REQUIREMENT:
From the first line to the last, copy the listing exactly and omit the pictures.

PROVIDED DATA:
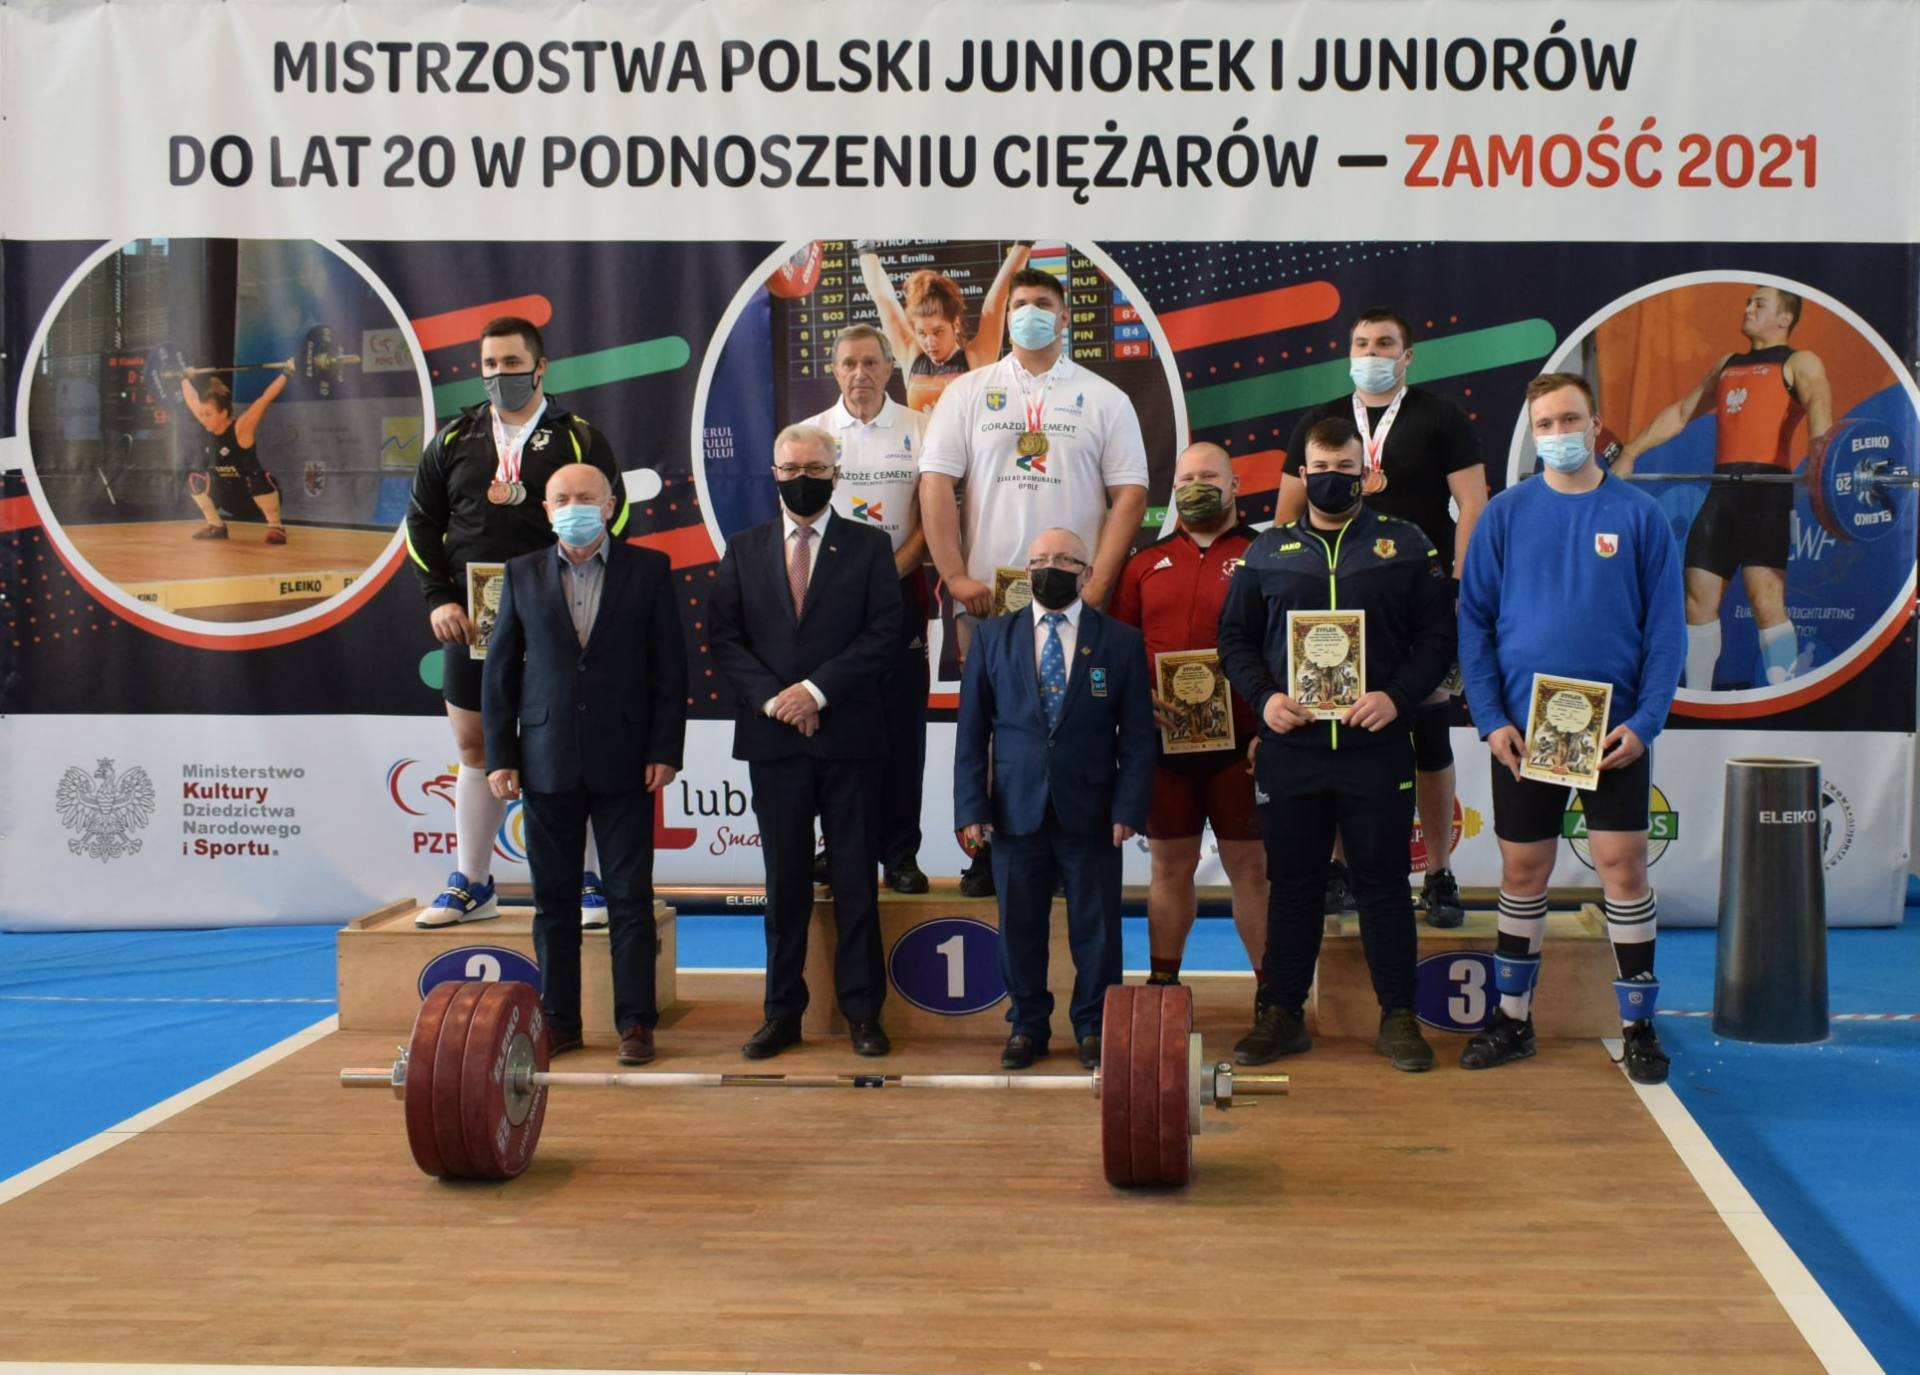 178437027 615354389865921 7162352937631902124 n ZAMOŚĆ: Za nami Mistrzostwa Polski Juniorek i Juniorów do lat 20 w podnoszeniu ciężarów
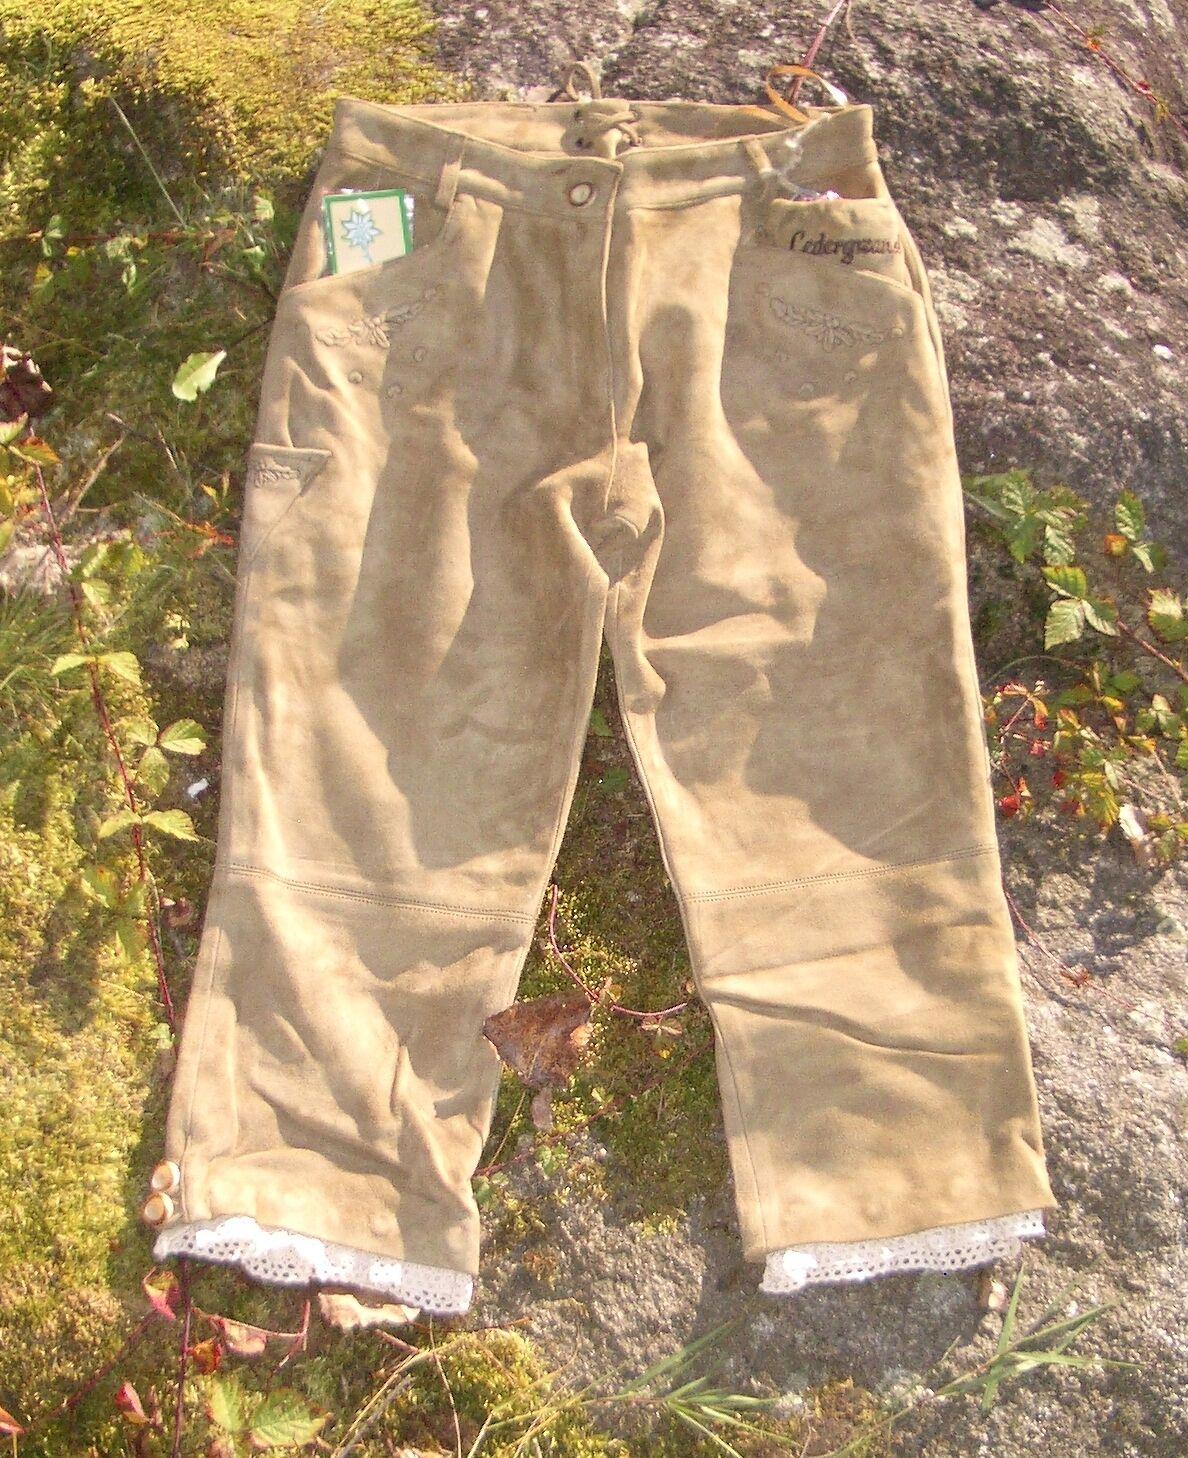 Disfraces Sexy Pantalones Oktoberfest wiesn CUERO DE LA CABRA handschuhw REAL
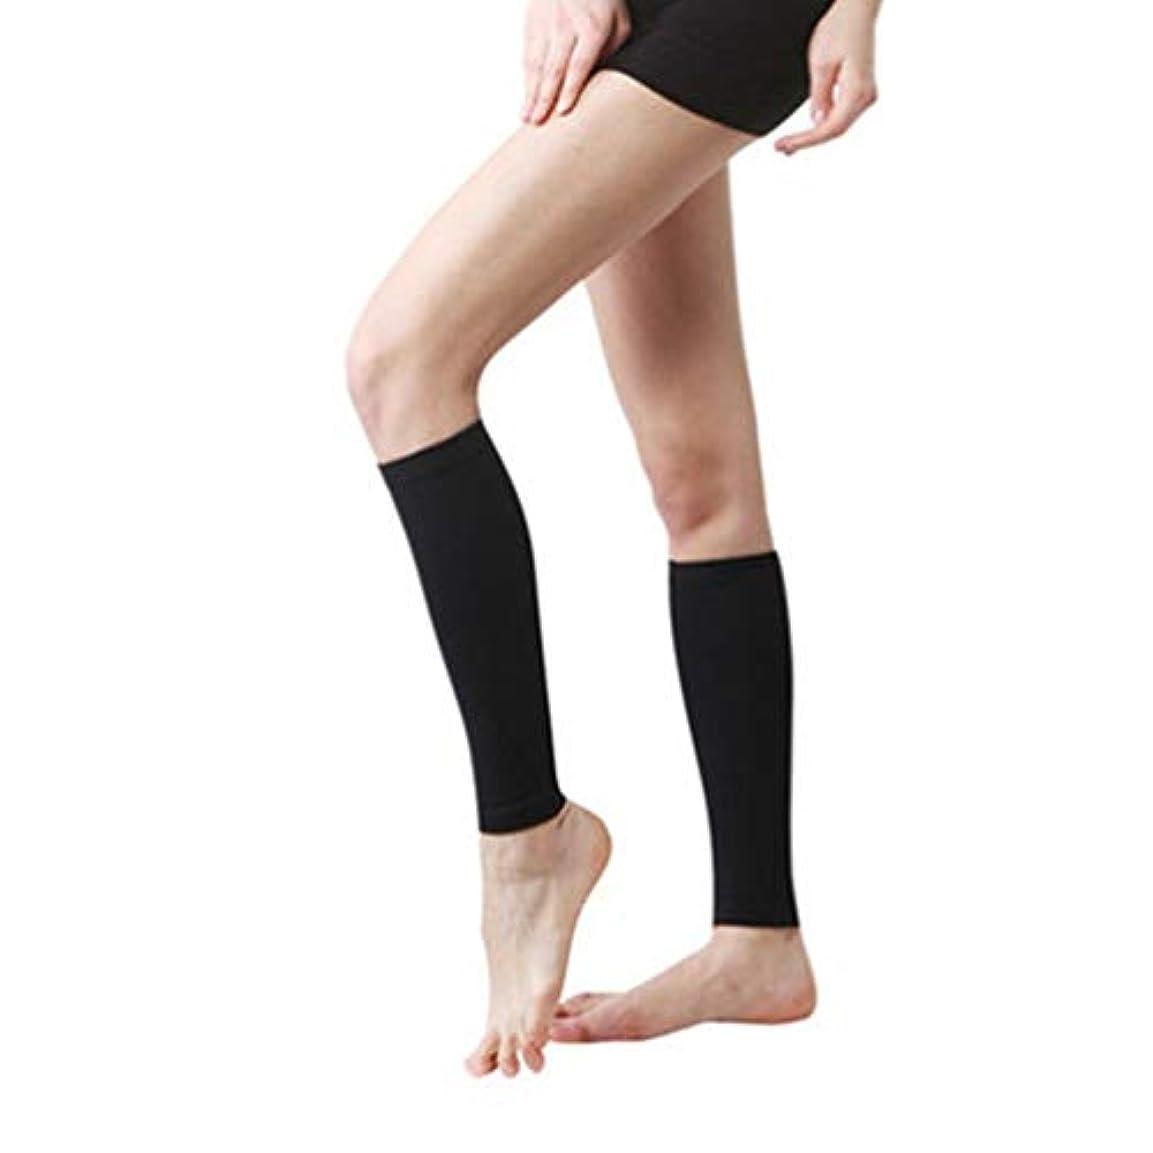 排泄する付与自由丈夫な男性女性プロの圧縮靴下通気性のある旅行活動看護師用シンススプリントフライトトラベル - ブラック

OUTPUT FOR THIS EXERCISE:
 178437027 615354389865921 7162352937631902124 n ZAMOŚĆ: Za nami Mistrzostwa Polski Juniorek i Juniorów do lat 20 w podnoszeniu ciężarów
 Disfraces Sexy Pantalones Oktoberfest wiesn CUERO DE LA CABRA handschuhw REAL
 排泄する付与自由丈夫な男性女性プロの圧縮靴下通気性のある旅行活動看護師用シンススプリントフライトトラベル - ブラック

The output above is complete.